Deutsches Team bei der World Solar Challenge in der Spitzengruppe

Bei der World Solar Challenge durchqueren die Fahrzeuge Australien einmal in Nord-Süd-Richtung.

In Australien ist am gestrigen Sonntag die World Solar Challenge 2007 gestartet, ein 3000-Kilometer-Wettrennen für Solarfahrzeuge, das von Darwin, der Hauptstadt des Northern Territory, nach Adelaide in South Australia führt. Auf den Weg quer über den australischen Kontinent in Nord-Süd-Richtung machten sich insgesamt rund 40 ausschließlich mit Sonnenenergie betriebene Fahrzeuge, darunter zwei aus Deutschland: Während die Fachhochschule Bochum den Solar-Racer "SolarWorld No. 1" mit der Nummer 11 an den Start brachte, ging der Münchner Solarmobil-Veteran Detlef Schmitz mit seinem Eigenbau "HelioDet" (Startnummer 20) ins Rennen.

Und die Deutschen schlagen sich tapfer: Nach dem zweiten Renntag – gefahren wird jeweils von morgens acht bis nachmittags siebzehn Uhr – liegt SolarWorld No. 1 in der Gesamtwertung auf Platz sieben, HelioDet belegt derzeit einen Mittelrang. Angeführt wird das Feld von Tiga, einem Solarmobil der japanischen Ashiya-Universität, das ebenso wie HelioDet in der sogenannten Adventure-Klasse antritt. In dieser Kategorie dürfen die Fahrzeuge bis zu acht Quadratmeter Solarzellen-Fläche für die Stromerzeugung nutzen und die Fahrer eine Liegeposition einnehmen. In der Challenge-Klasse ist die erlaubte Generatorfläche hingegen auf sechs Quadratmeter begrenzt, und der Fahrer muss ähnlich wie in einem normalen Pkw aufrecht sitzen.

Der Solar-Racer "SolarWorld No.1" von der Fachhochschule Bochum beim Start in Darwin.

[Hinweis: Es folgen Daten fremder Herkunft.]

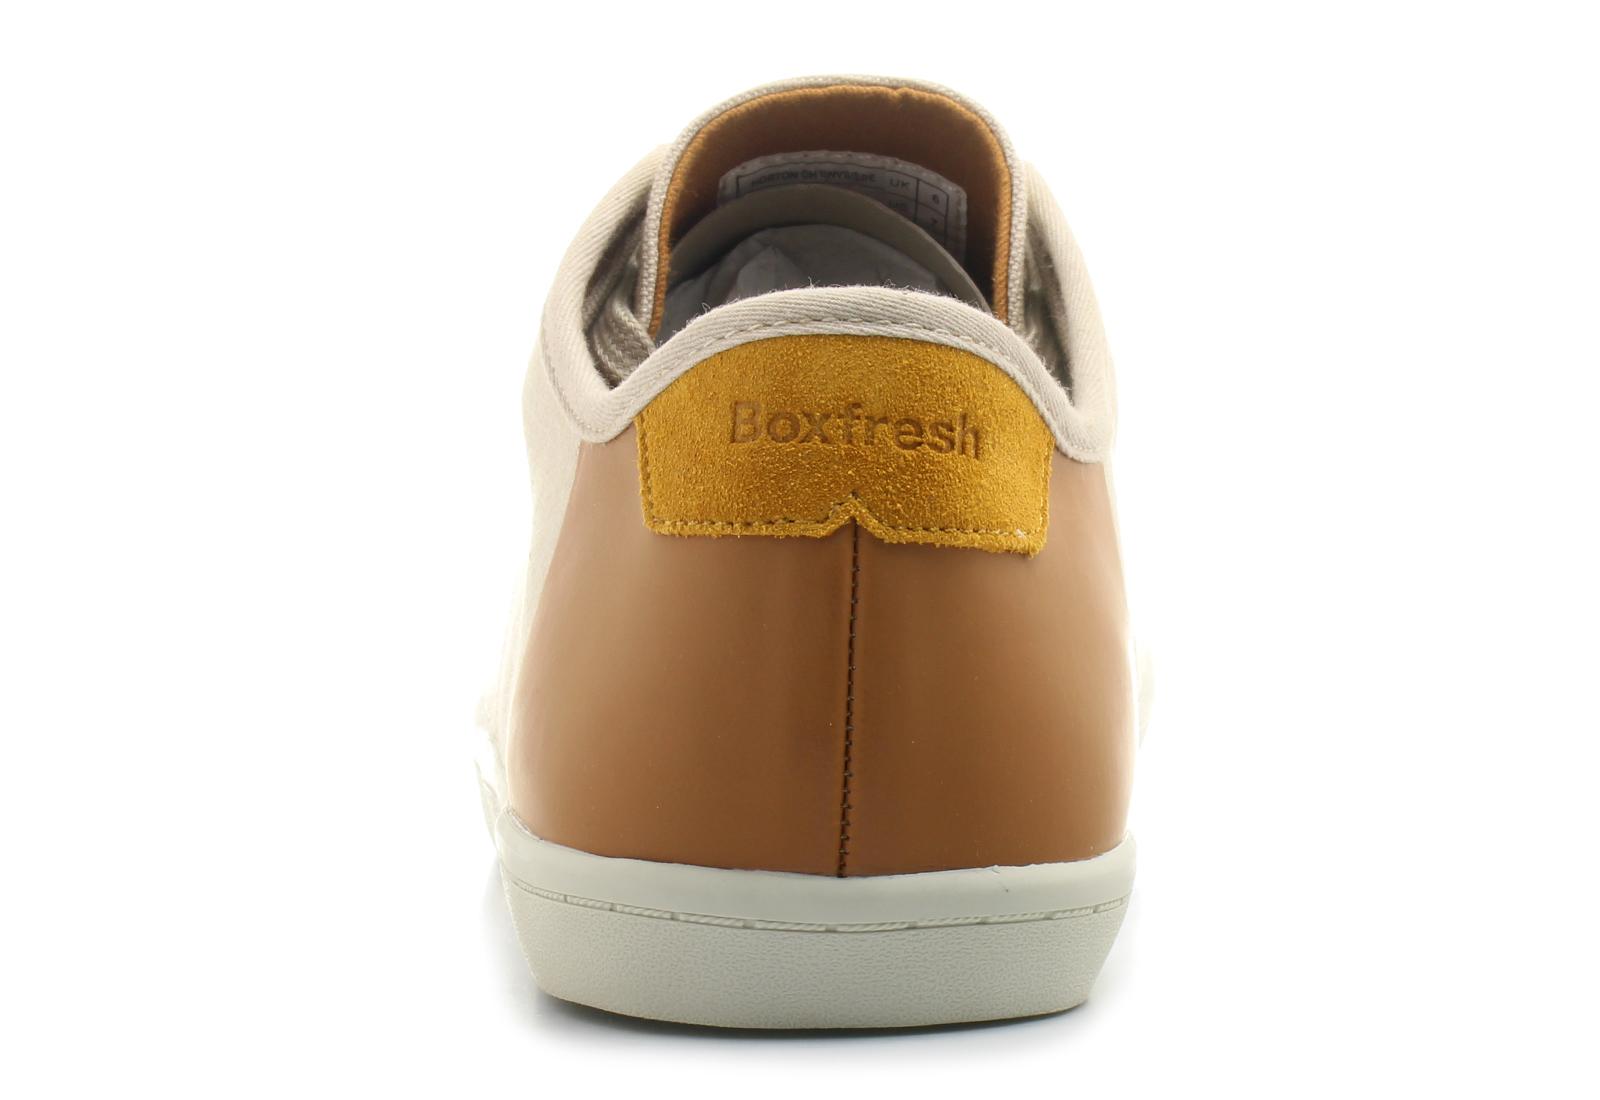 Boxfresh Shoes - Horton - E15029-dsn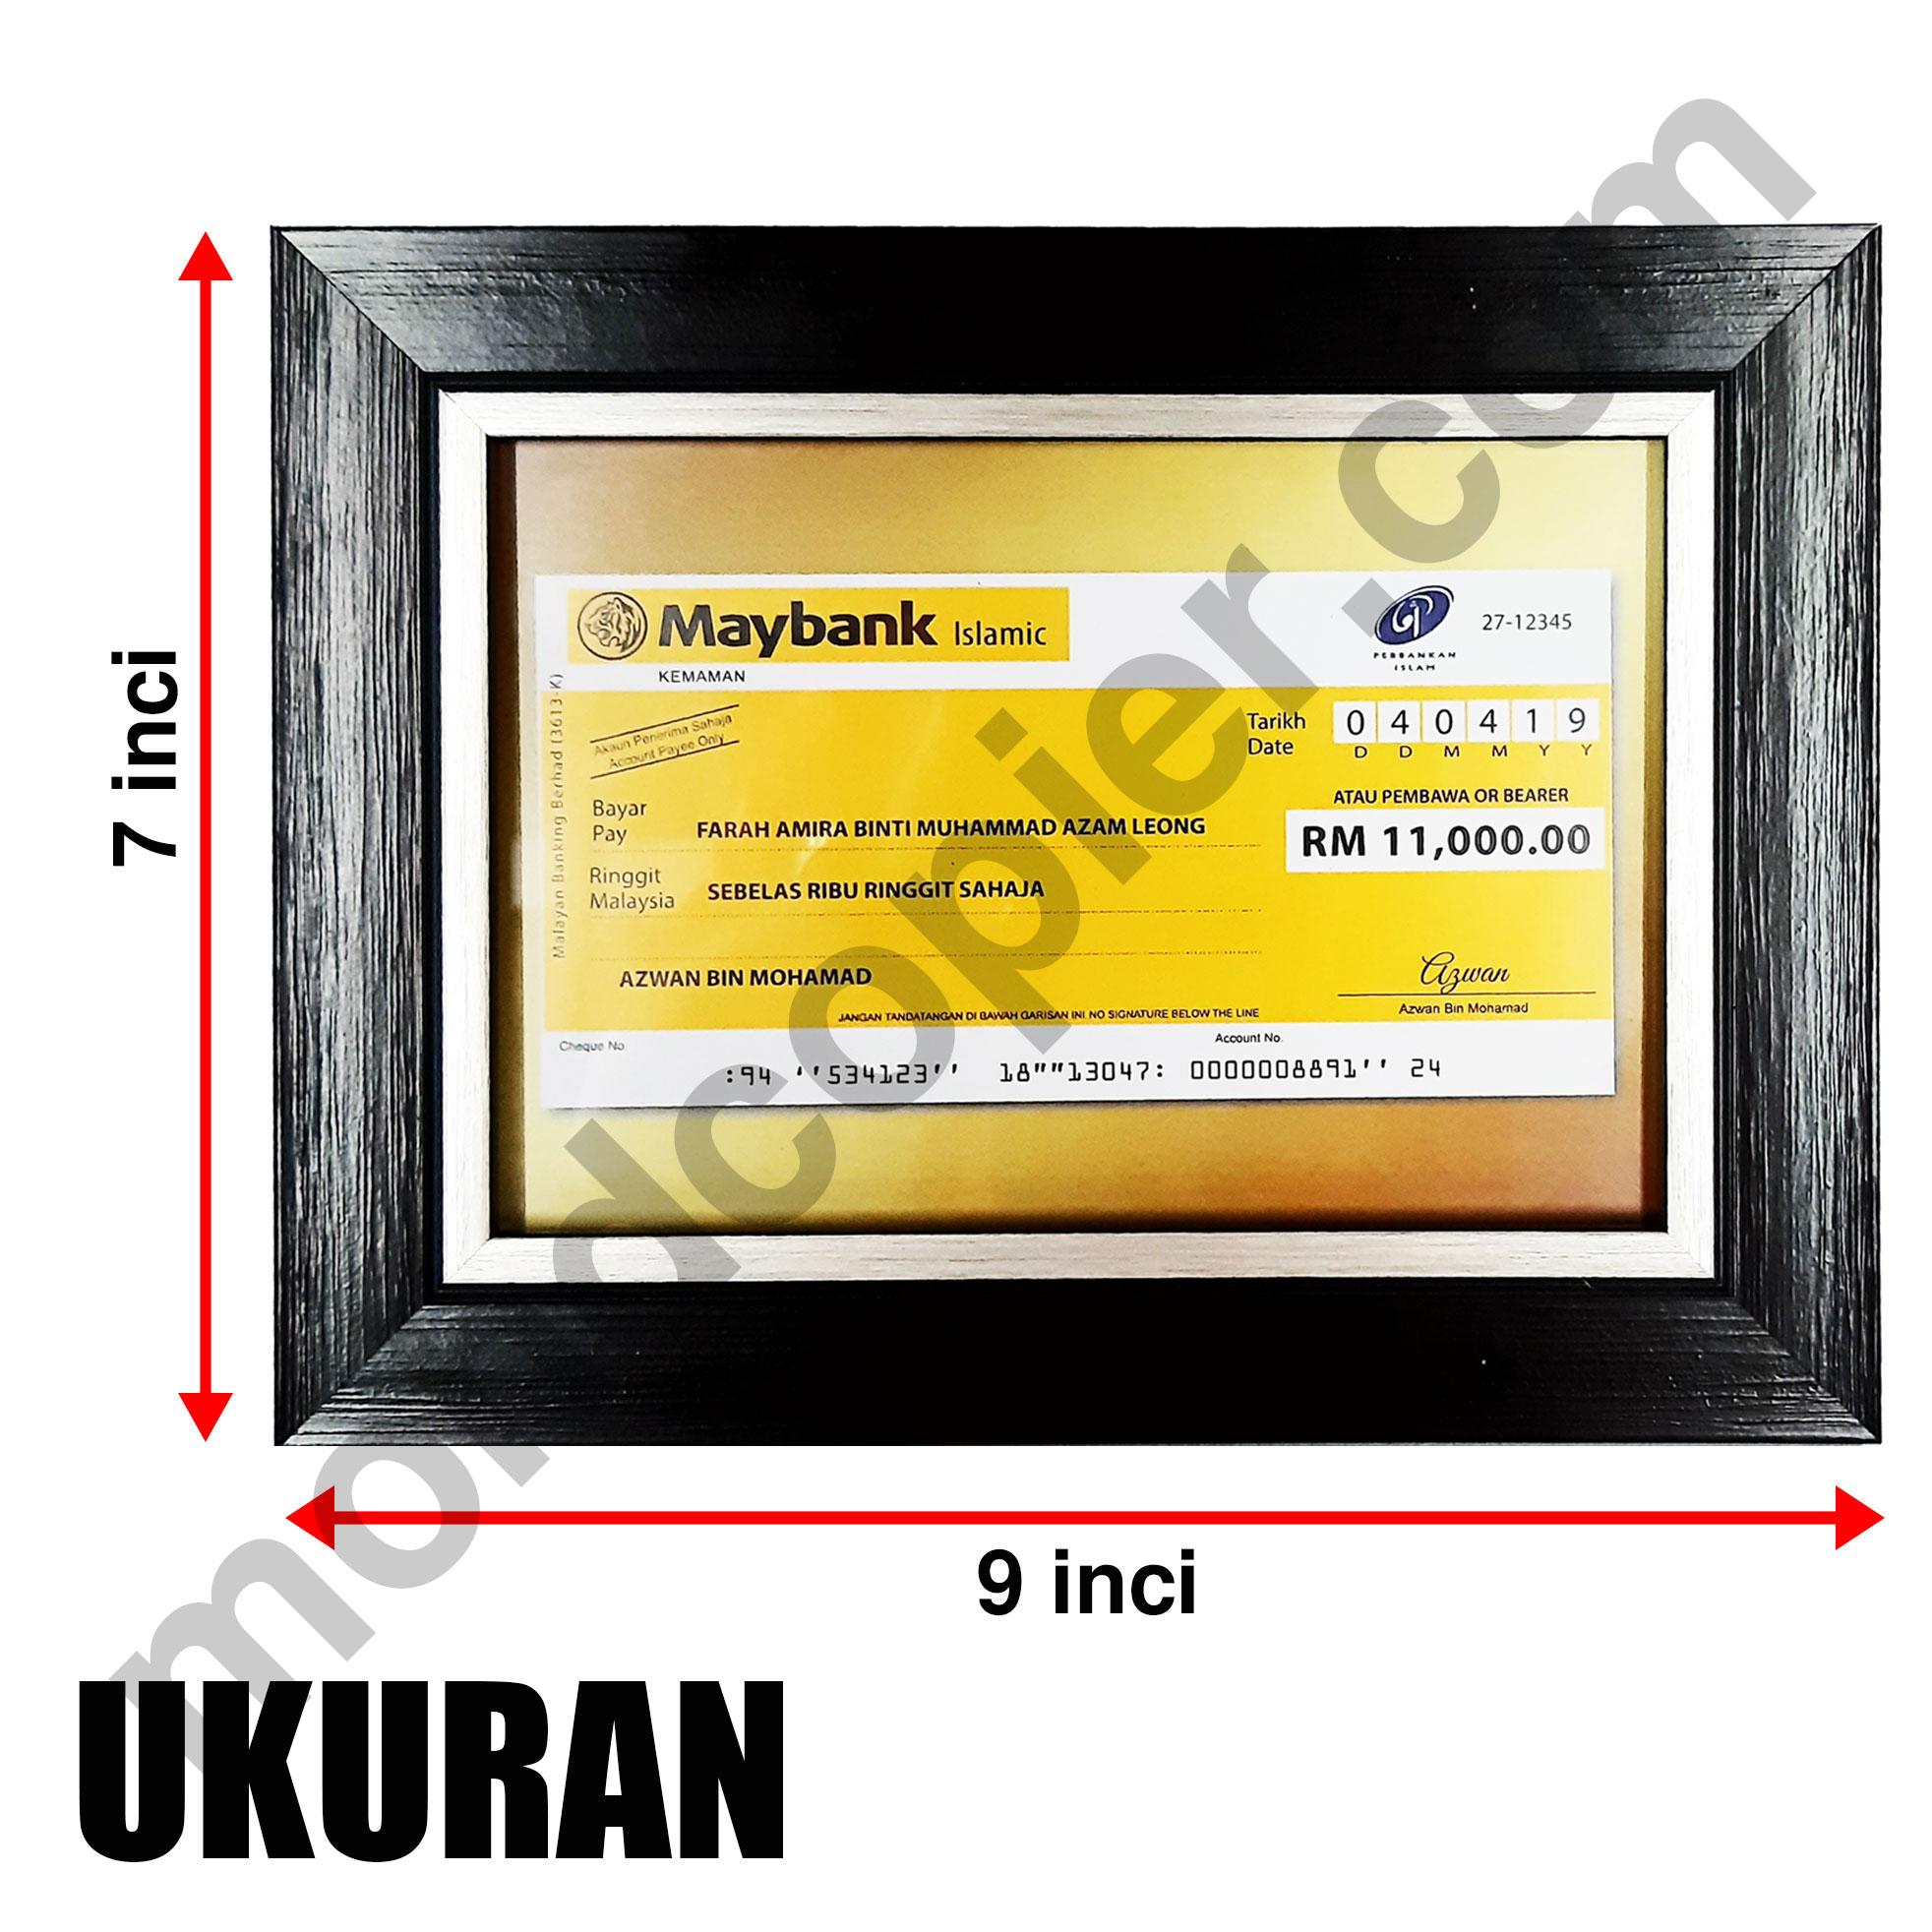 https://www.mohdcopier.com/images/products_gallery_images/Ukuran-Shopee.jpg

Befahren wird der Stuart Highway (A 87), eine der wichtigsten Fernverkehrverbindungen Australiens, den sich die jeweils von einem Wettbewerbsoffiziellen begleiteten Solarfahrzeuge mit anderen Verkehrsteilnehmern teilen müssen. Übernachtet wird an der Strecke: Jeden Tag gegen 16 Uhr beginnen die Berechnungen für einen günstigen Rastplatz für die Nacht. Stehenbleiben müssen die Fahrzeuge offiziell um 17 Uhr, zehn Minuten dürfen maximal überzogen werden. Allerdings führt jede Minute, die am Vortag überzogen wurde, zu einer entsprechenden Startverzögerung – wer also um 17:08 Uhr erst anhält, kann frühestens um 08:08 Uhr losfahren.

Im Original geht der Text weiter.